AP Omits How Plaintiffs in Tossed Ferguson Lawsuit Lied

October 4th, 2016 4:09 PM

At the Associated Press Monday afternoon, Jim Suhr reported on the dismissal of a "civil rights lawsuit that alleged police used excessive force against protesters in Ferguson (Missouri) after the 2014 police shooting death of Michael Brown." The plaintiffs sought over $40 million from police, police officials, St. Louis County and the city of Ferguson.

Predictably, the plaintiffs will appeal. While anyone reading only Suhr's account might believe that the "protesters" have some basis for a complaint, coverage of the case's dismissal at the St. Louis Post-Dispatch makes it clear that their chances of any success on appeal are (or at least in a sane world should be) very small, That's because the Post-Dispatch reported that two of the three plaintiffs Suhr described with only their side of the story were shown to be lying.

Here is the paragraph in question from Suhr's report (bolds are mine throughout this post):

Plaintiffs in the lawsuit included a clinical social worker who said she and her 17-year-old son were roughed up and arrested after not evacuating a McDonald's quickly enough. Others were a 23-year-old man who said he was shot multiple times with rubber bullets and called racial slurs by police while walking through the protest zone to his mother's home, and a man who said he was arrested for filming the disturbances.

Here is how the Post-Dispatch's Robert Patrick described the situations of the first two of the three persons Suhr identified as well as other incidents where it's quite clear that the plaintiffs were just making things up:

(U.S. District Judge Henry) Autrey ruled that many of the plaintiffs’ claims were not backed up by video evidence or other testimony.

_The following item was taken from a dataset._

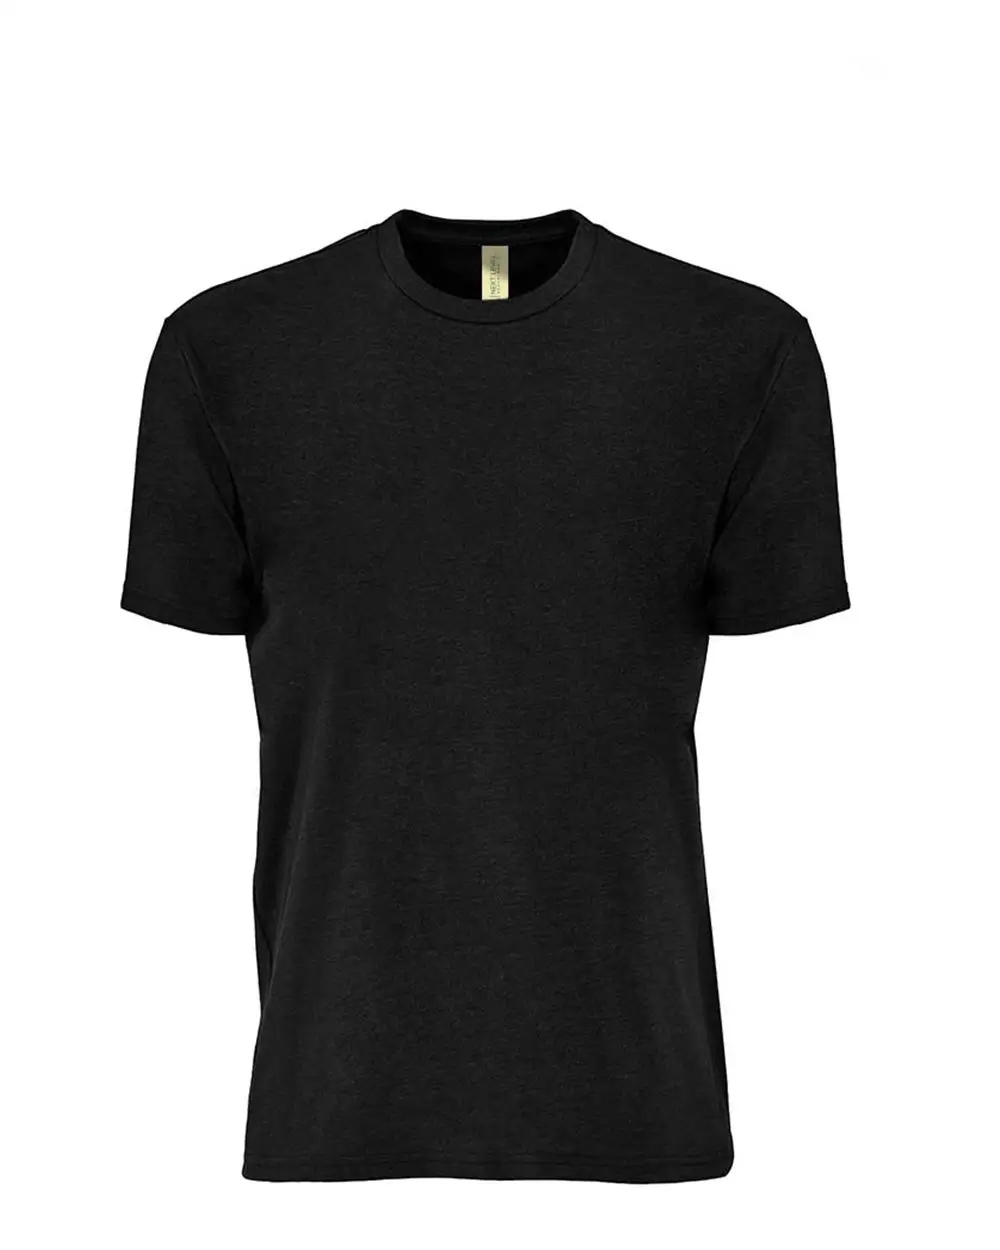 Tingkat Berikutnya 4210 uniseks Eco Performance T-Shirt hitam Heather dengan cetakan Logo kaus sejuk untuk pesanan besar

... Tracey White, one of the plaintiffs, had alleged that she and her 17-year-old son were arrested inside of the Ferguson McDonald’s. She claimed officers with rifles rushed in “like something out of a movie.” She claimed that she was thrown to the ground and arrested when she protested the treatment of her son, who she claimed was arrested when she tried to give him the iPad she was carrying.

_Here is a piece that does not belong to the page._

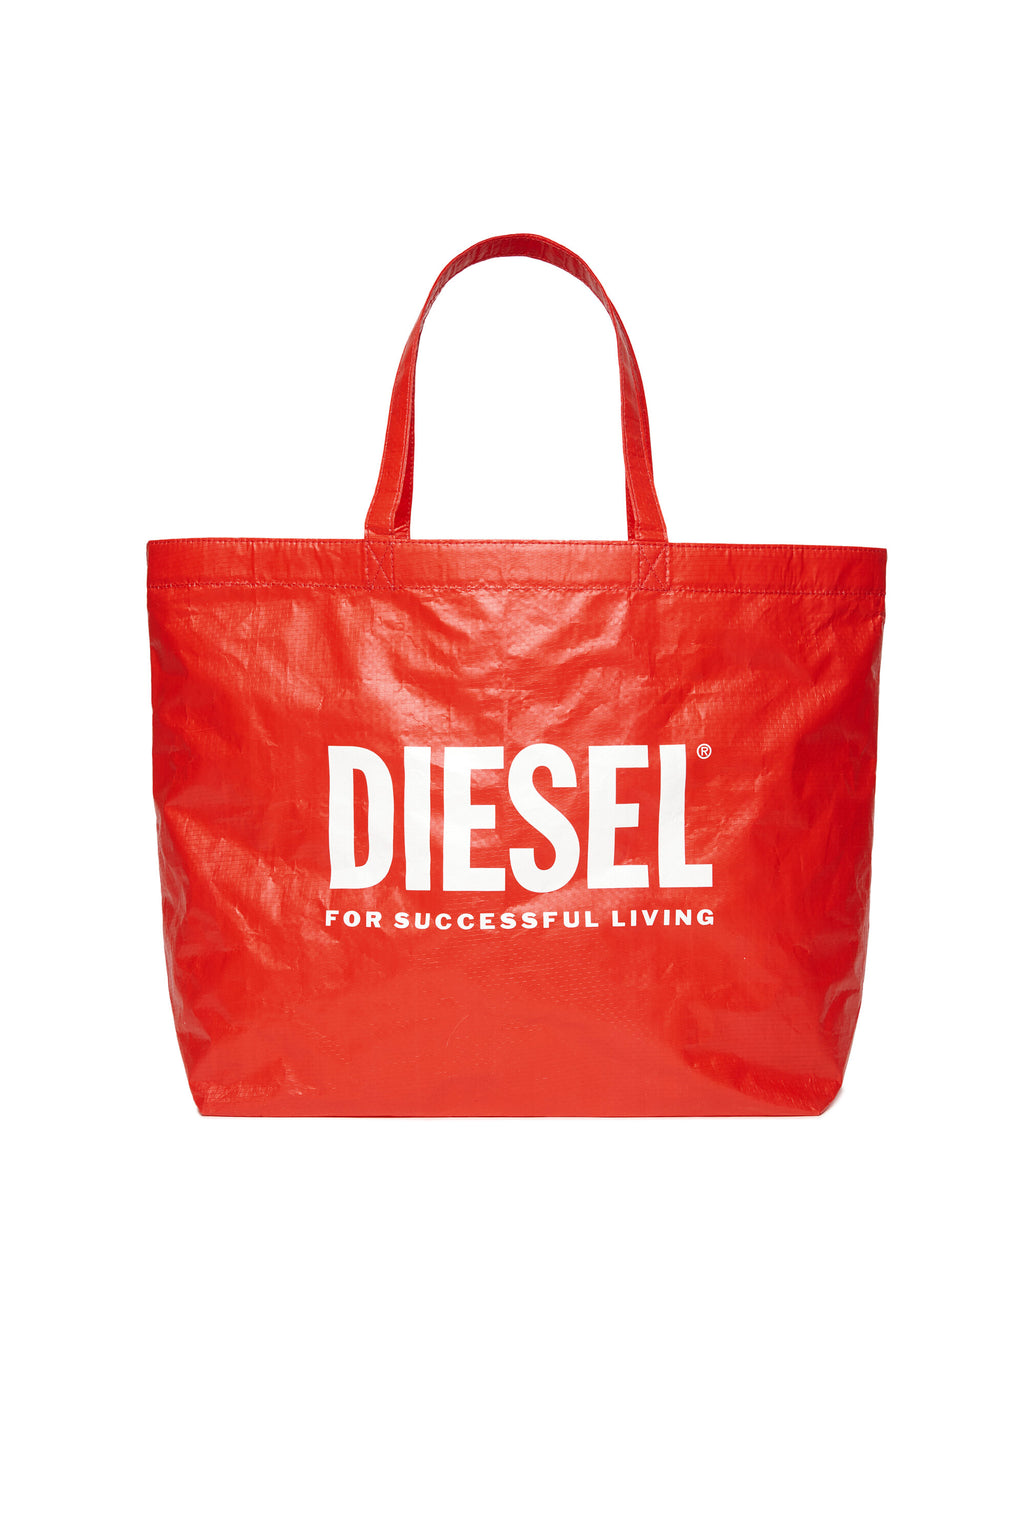 Branded shopper bag

But videos showed that she was actually arrested a block away. “She agreed that video showed an officer placing hand ties on her, and that she was not on the ground, and that there was no knee in her back,” Autrey wrote. “No racial epithets or slurs were used against Tracey White.”

Another plaintiff, Dwayne A. Matthews Jr., had claimed that he was walking to his mother’s house on Aug. 13 when he was shot with rubber-coated bullets, pepper-sprayed and nearly drowned in a drainage ditch before being beaten before and after he was restrained.

But Autrey wrote that Matthews’ “own statements (to paramedics and hospital staff) belie his position.”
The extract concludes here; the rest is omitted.